> _Your objective_: Leave out the pictures, and print exactly the lines from the one holding "на турнире по" through the last line of the material.

--- Raw data Enclosed Below ---

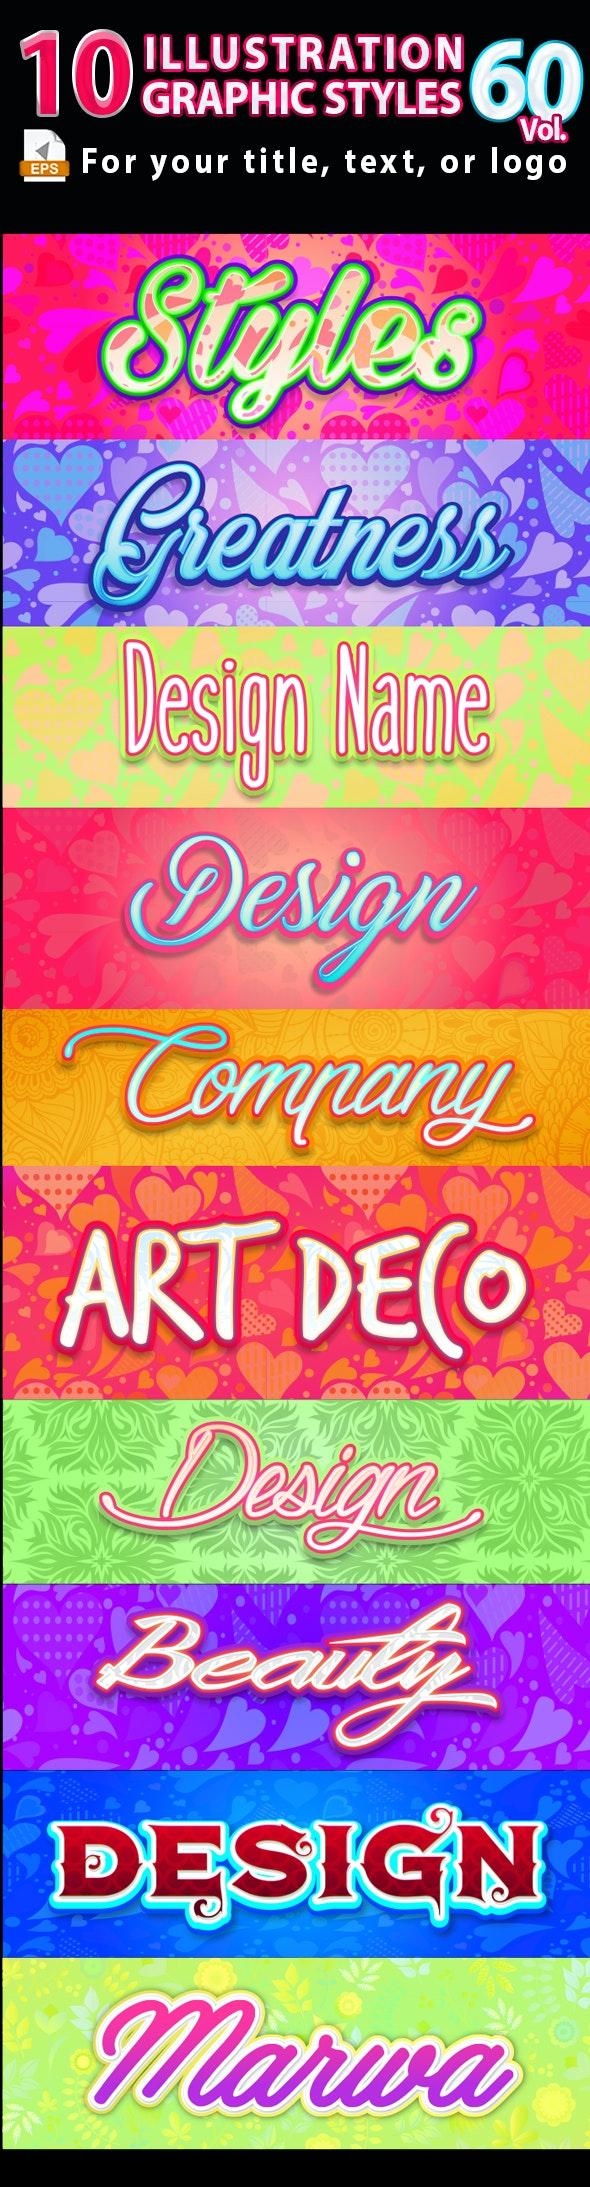 10 Illustrator Graphic Styles Vol.60 - Styles Illustrator
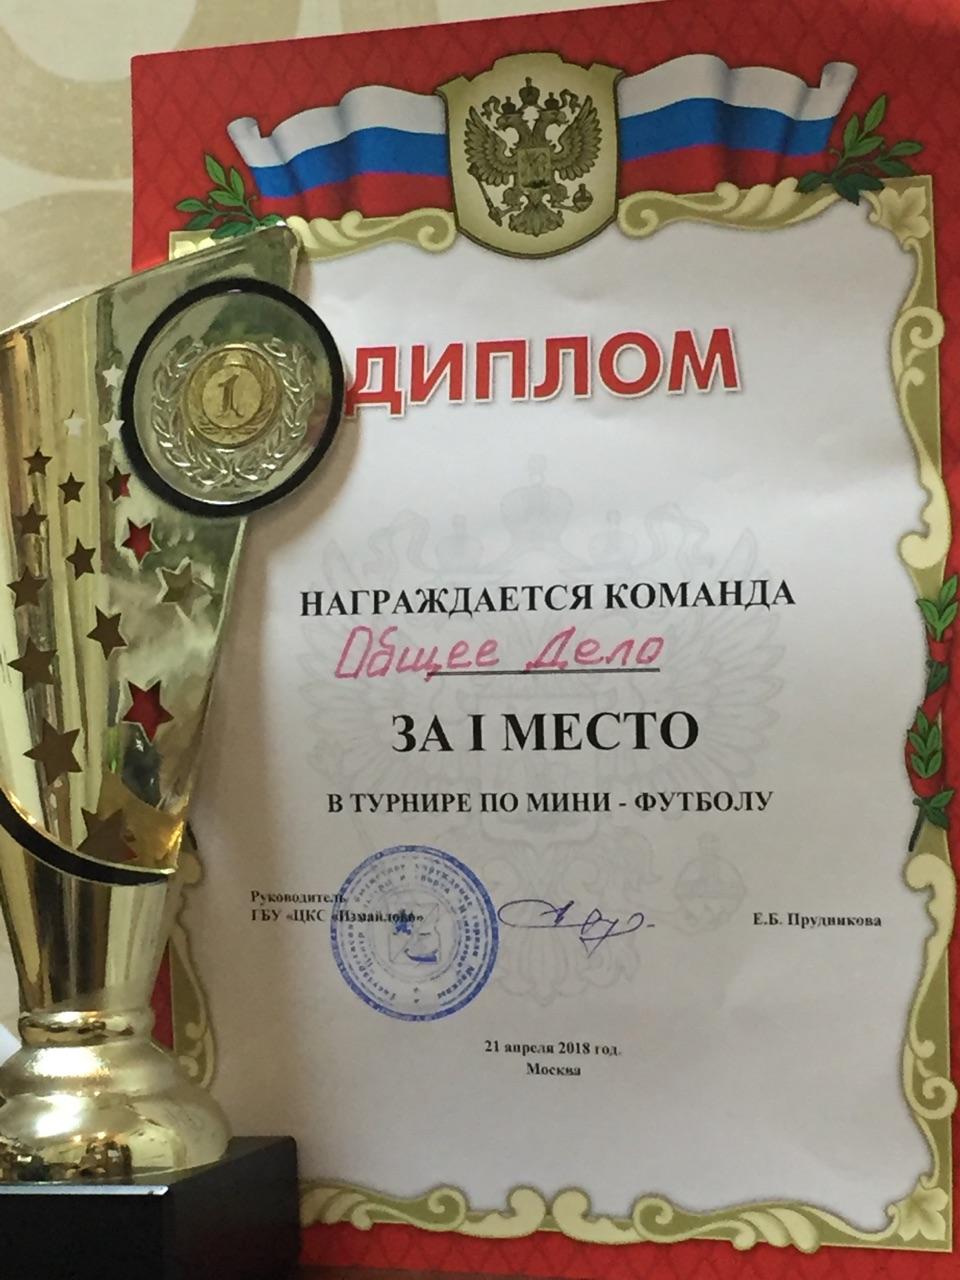 "Команда ""Общее дело"" на турнире по мини-футболу в Москве"
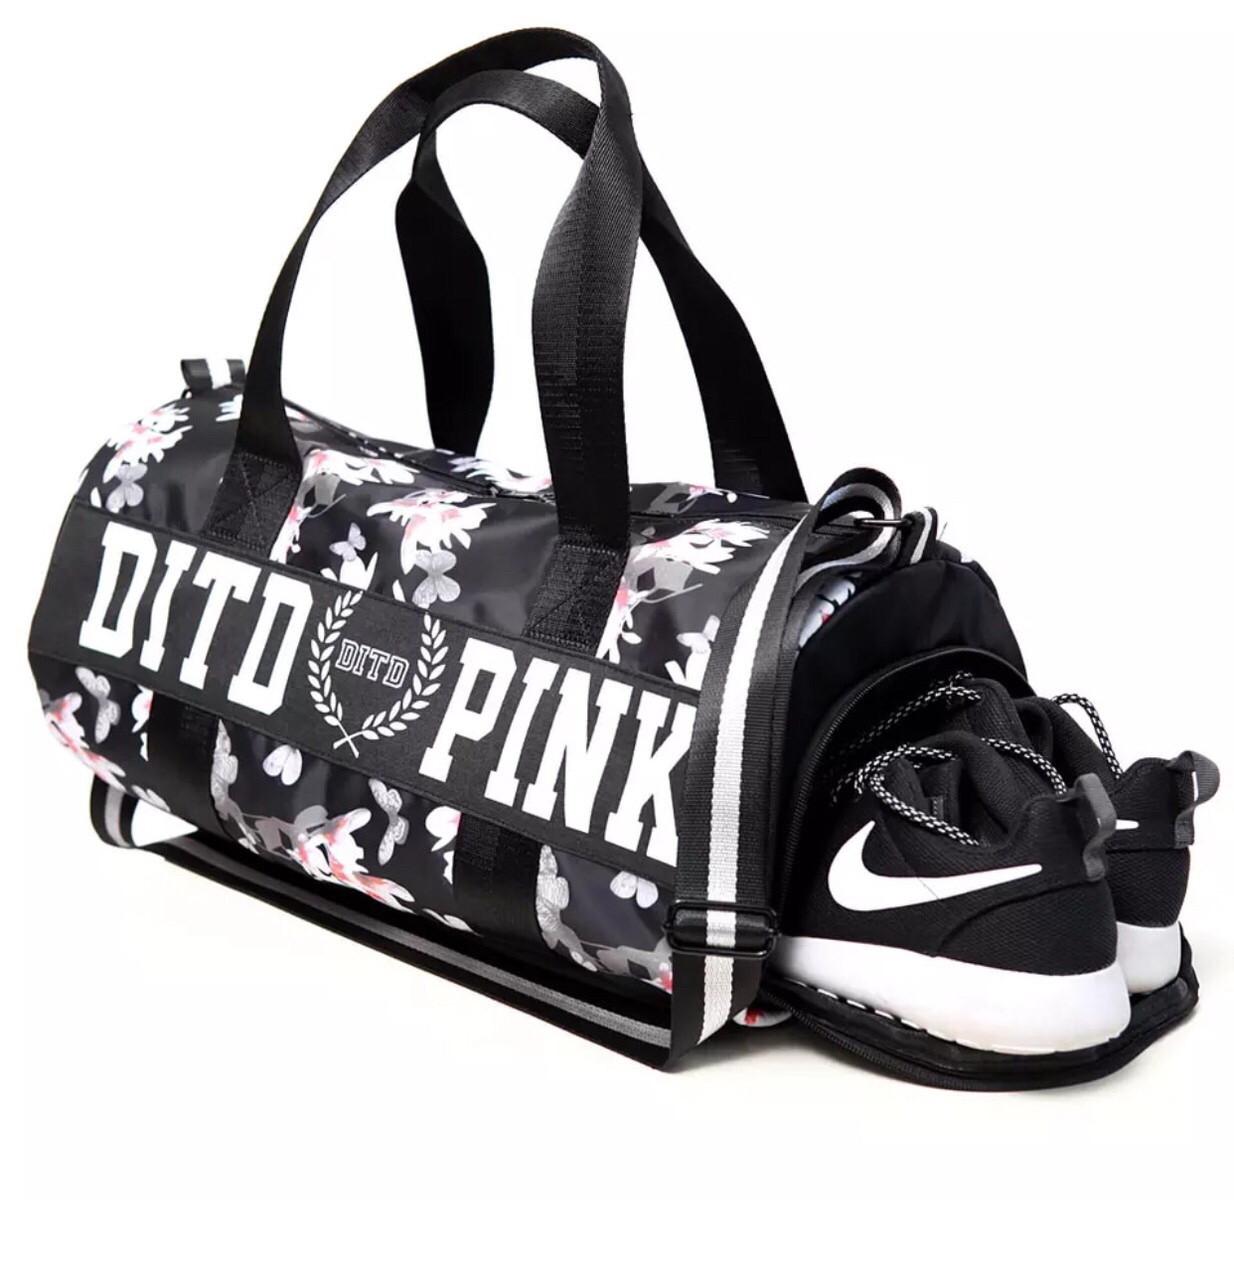 5afee7356a192 Спортивная сумка Victoria`s Secret DITO PINK , цена 750 грн., купить в  Харькове — Prom.ua (ID#666465617)
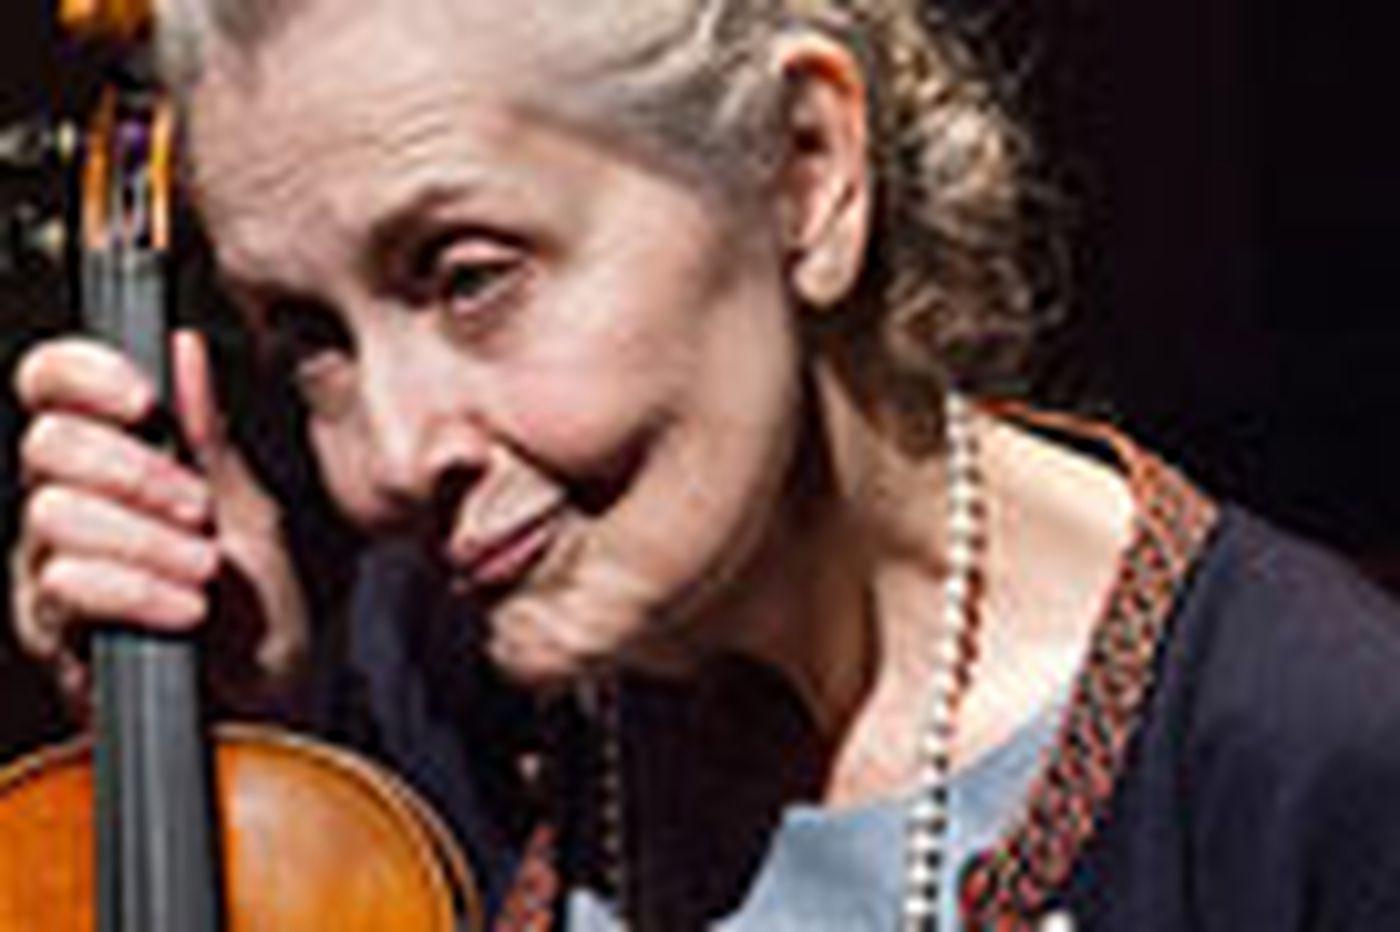 'The Morini Strad,' a violinist's story

--- End of Enclosed Raw data ---

> _Solution for this problem_:
 "Команда ""Общее дело"" на турнире по мини-футболу в Москве"
 5afee7356a192 Спортивная сумка Victoria`s Secret DITO PINK , цена 750 грн., купить в  Харькове — Prom.ua (ID#666465617)
 'The Morini Strad,' a violinist's story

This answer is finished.